Non-GAAP Financial Measures and Reconciliations

We believe that certain non-GAAP financial measures provide investors with useful supplemental information regarding the underlying business trends and performance of Adtalem’s ongoing operations as seen through the eyes of management and are useful for period-over-period comparisons. We use these supplemental non-GAAP financial measures internally in our assessment of performance and budgeting process. However, these non-GAAP financial measures should not be considered as a substitute for, or superior to, measures of financial performance prepared in accordance with GAAP. The following are non-GAAP financial measures used in this Quarterly Report on Form 10-Q:

Adjusted net income (most comparable GAAP measure: net income) – Measure of Adtalem’s net income adjusted for restructuring expense, amortization of acquired intangible assets, strategic advisory costs, write-off of debt discount and issuance costs, litigation reserve, debt modification costs, and income from discontinued operations.

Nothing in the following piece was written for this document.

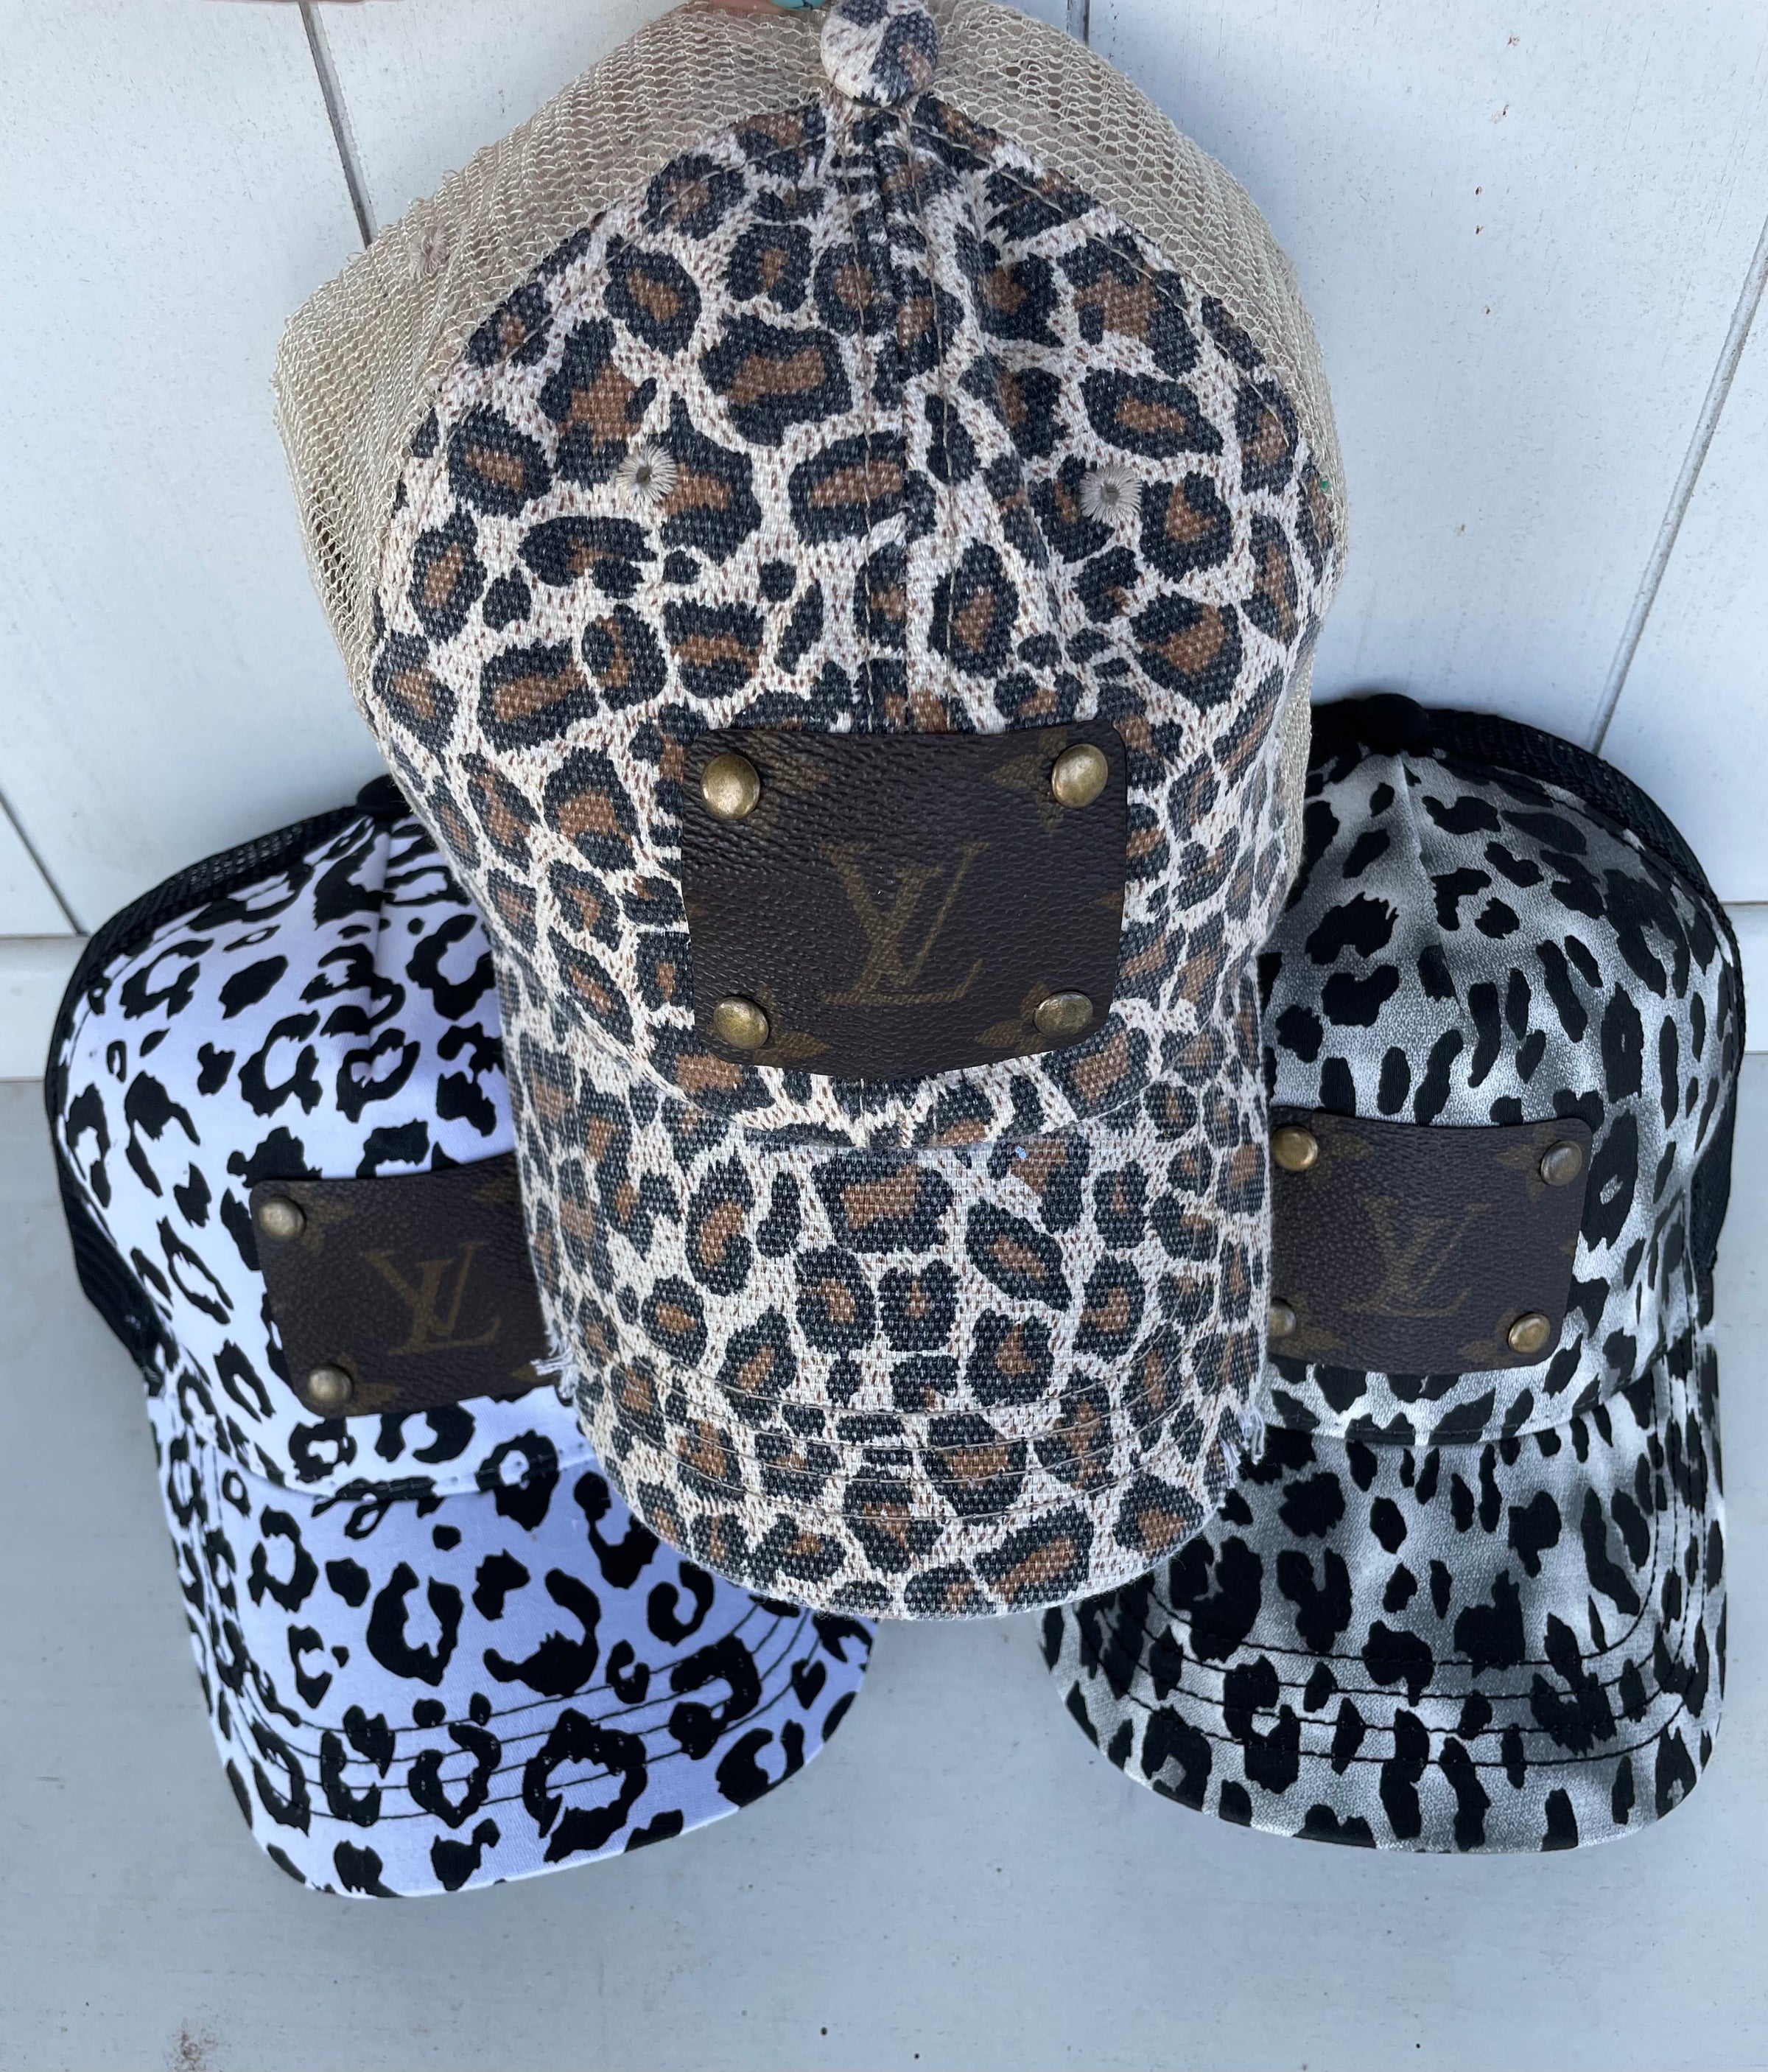 New hats from LV! I love the back of the hat! #louisvuitton #fallforyo

Adjusted earnings per share (most comparable GAAP measure: diluted earnings per share) – Measure of Adtalem’s diluted earnings per share adjusted for restructuring expense, amortization of acquired intangible assets, strategic advisory costs, write-off of debt discount and issuance costs, litigation reserve, debt modification costs, and income from discontinued operations.

Adjusted operating income (most comparable GAAP measure: operating income) – Measure of Adtalem’s operating income adjusted for restructuring expense, amortization of acquired intangible assets, litigation reserve, strategic advisory costs, and debt modification costs.

Adjusted EBITDA (most comparable GAAP measure: net income) – Measure of Adtalem’s net income adjusted for income from discontinued operations, interest expense, other income, net, provision for income taxes, depreciation, amortization of acquired intangible assets, amortization of cloud computing implementation assets, stock-based compensation, restructuring expense, litigation reserve, strategic advisory costs, and debt modification costs. Provision for income taxes, interest expense, and other income, net is not recorded at the reportable segments, and therefore, the segment adjusted EBITDA reconciliations begin with adjusted operating income.

A description of special items in our non-GAAP financial measures described above are as follows:

Restructuring expense primarily related to workforce reductions, costs to exit certain course offerings, and prior real estate consolidations at Adtalem’s home office. We do not include normal, recurring, cash operating expenses in our restructuring expense.
Amortization of acquired intangible assets.
Amortization of cloud computing implementation assets.
Strategic advisory costs related to expanding capabilities and bringing new capacities to market to further enhance our strategic position. We do not include normal, recurring, cash operating expenses in our strategic advisory costs.
Reserves related to significant litigation.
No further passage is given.